Directions:
Without the pictures, set down everything in the listing exactly.

Recorded information:
================================

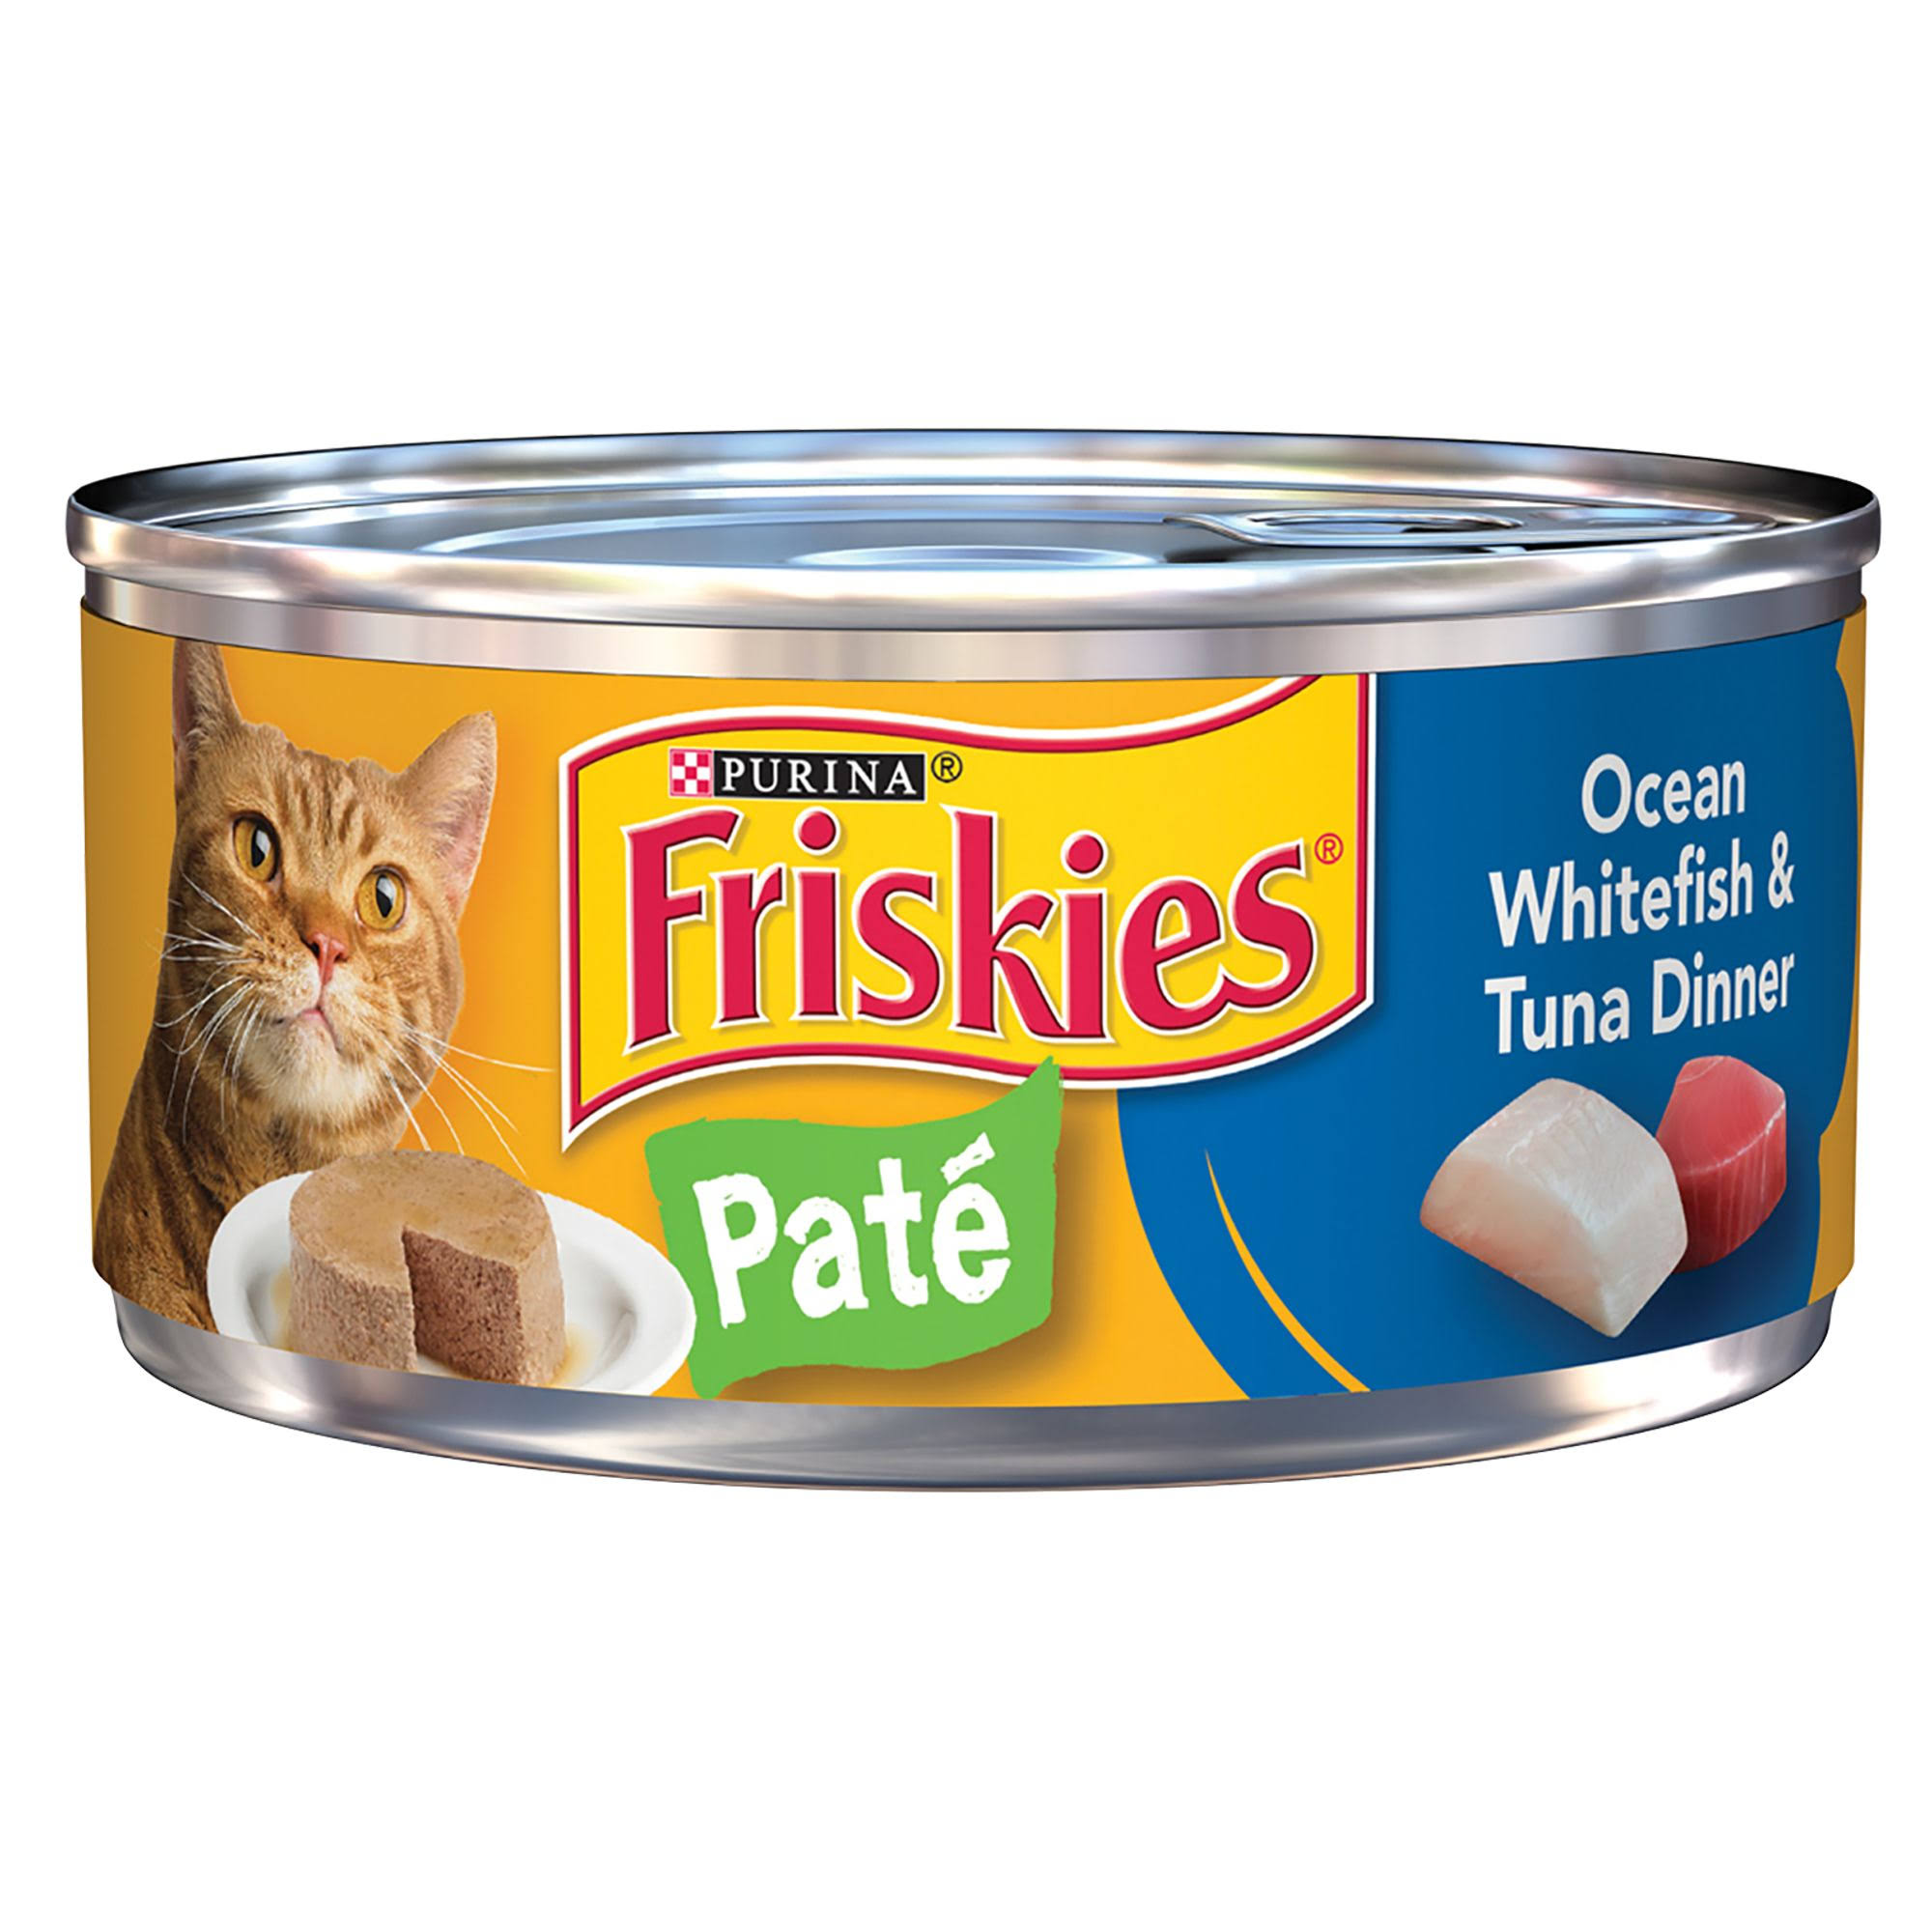 Purina Friskies Classic Cat Pate - Ocean Whitefish & Tuna, 5.5oz
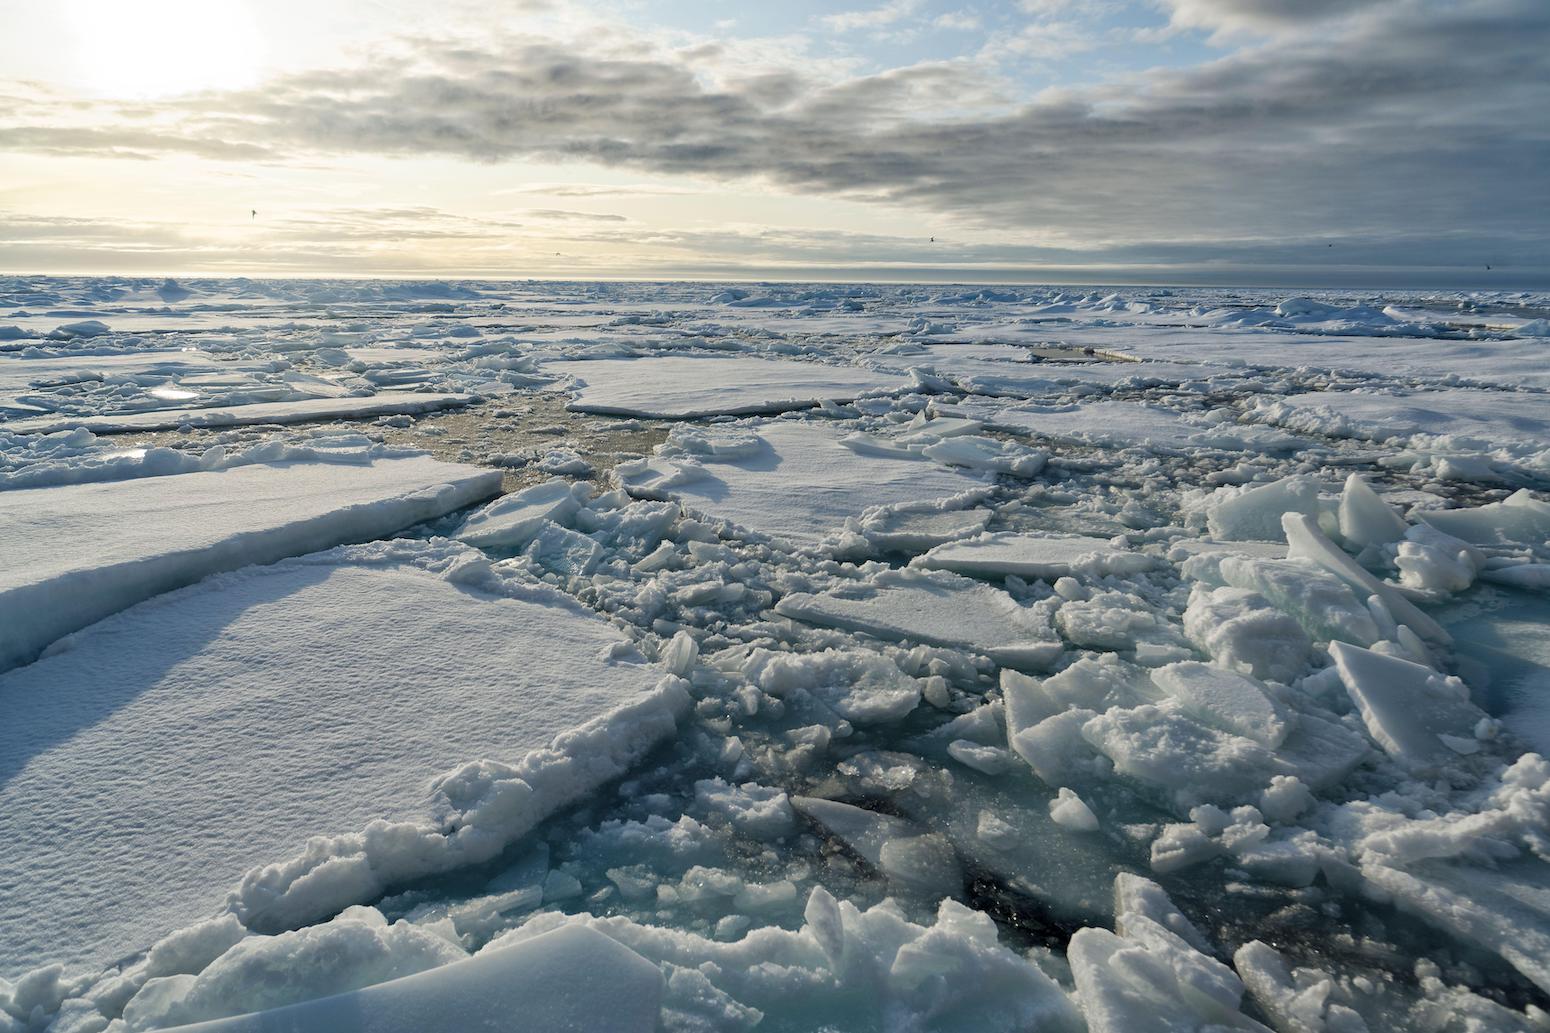 Antarctic sea ice ‘behaving strangely’ as Arctic reaches ‘below-average’ winter peak - Carbon Brief
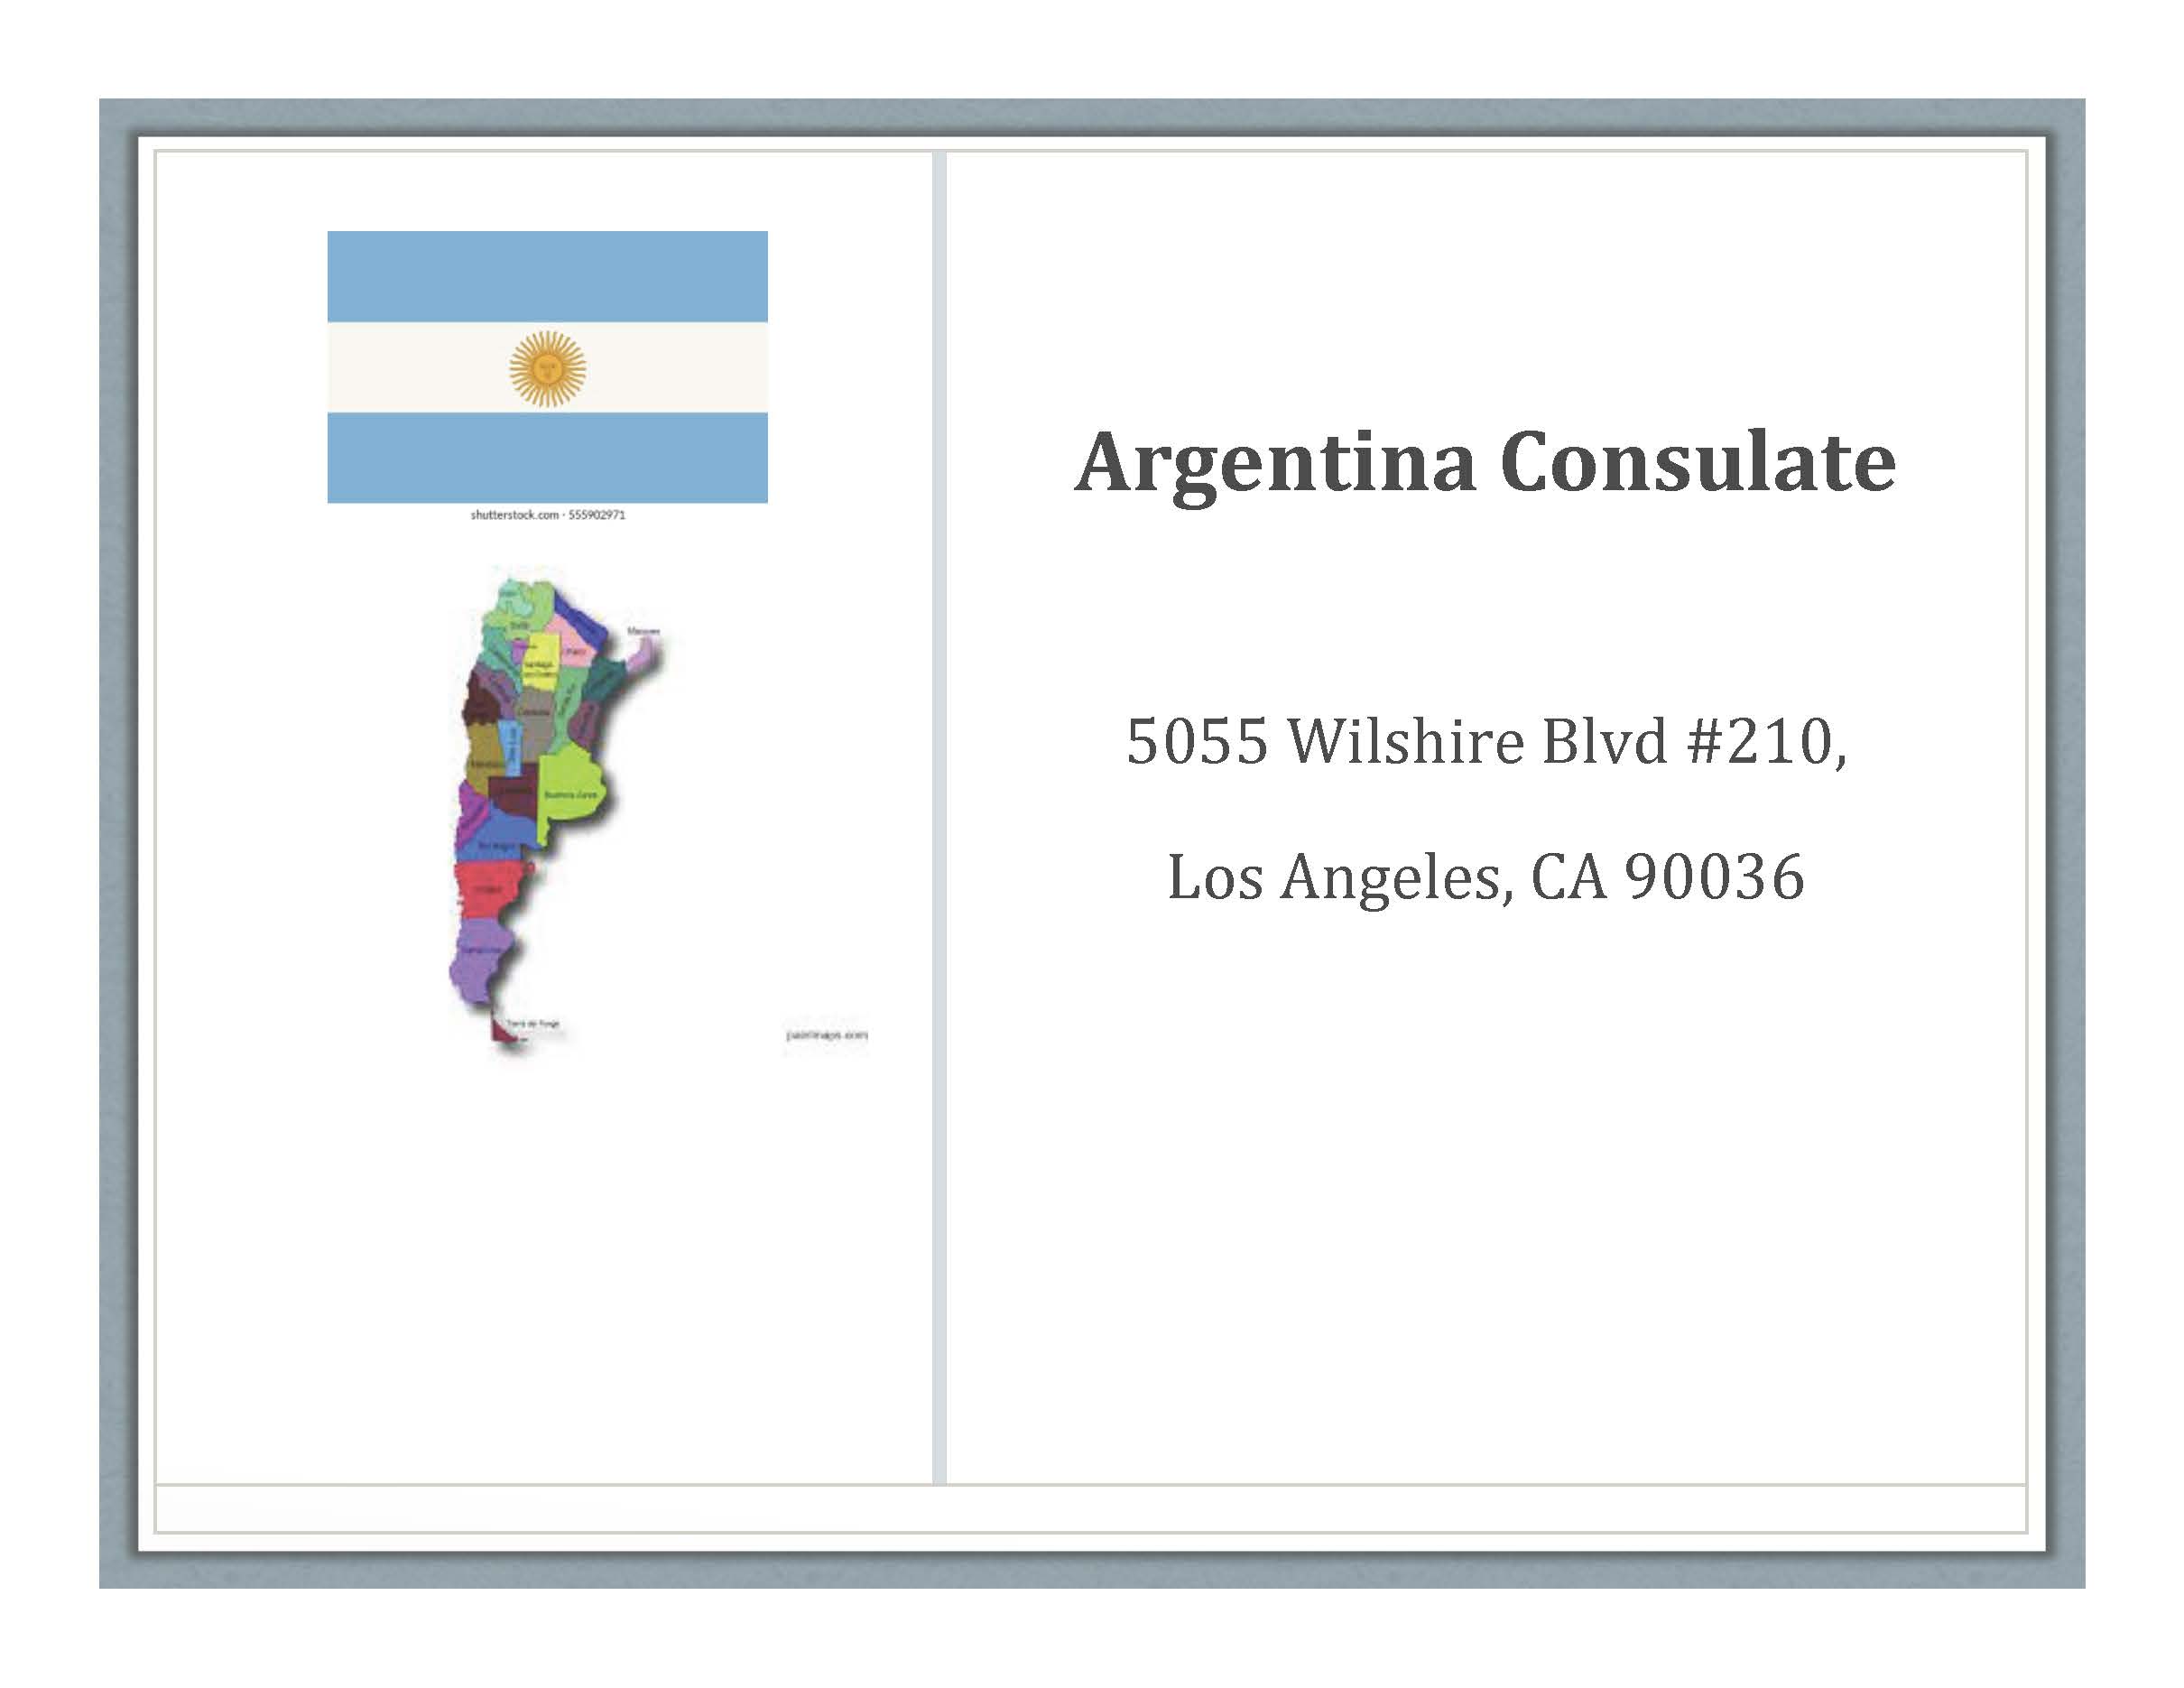 Argentina Consulate: 5055 Wilshire Blvd #210, Los Angeles, CA 90036

================================

Response:
 Purina Friskies Classic Cat Pate - Ocean Whitefish & Tuna, 5.5oz
 Antarctic sea ice ‘behaving strangely’ as Arctic reaches ‘below-average’ winter peak - Carbon Brief
 Argentina Consulate: 5055 Wilshire Blvd #210, Los Angeles, CA 90036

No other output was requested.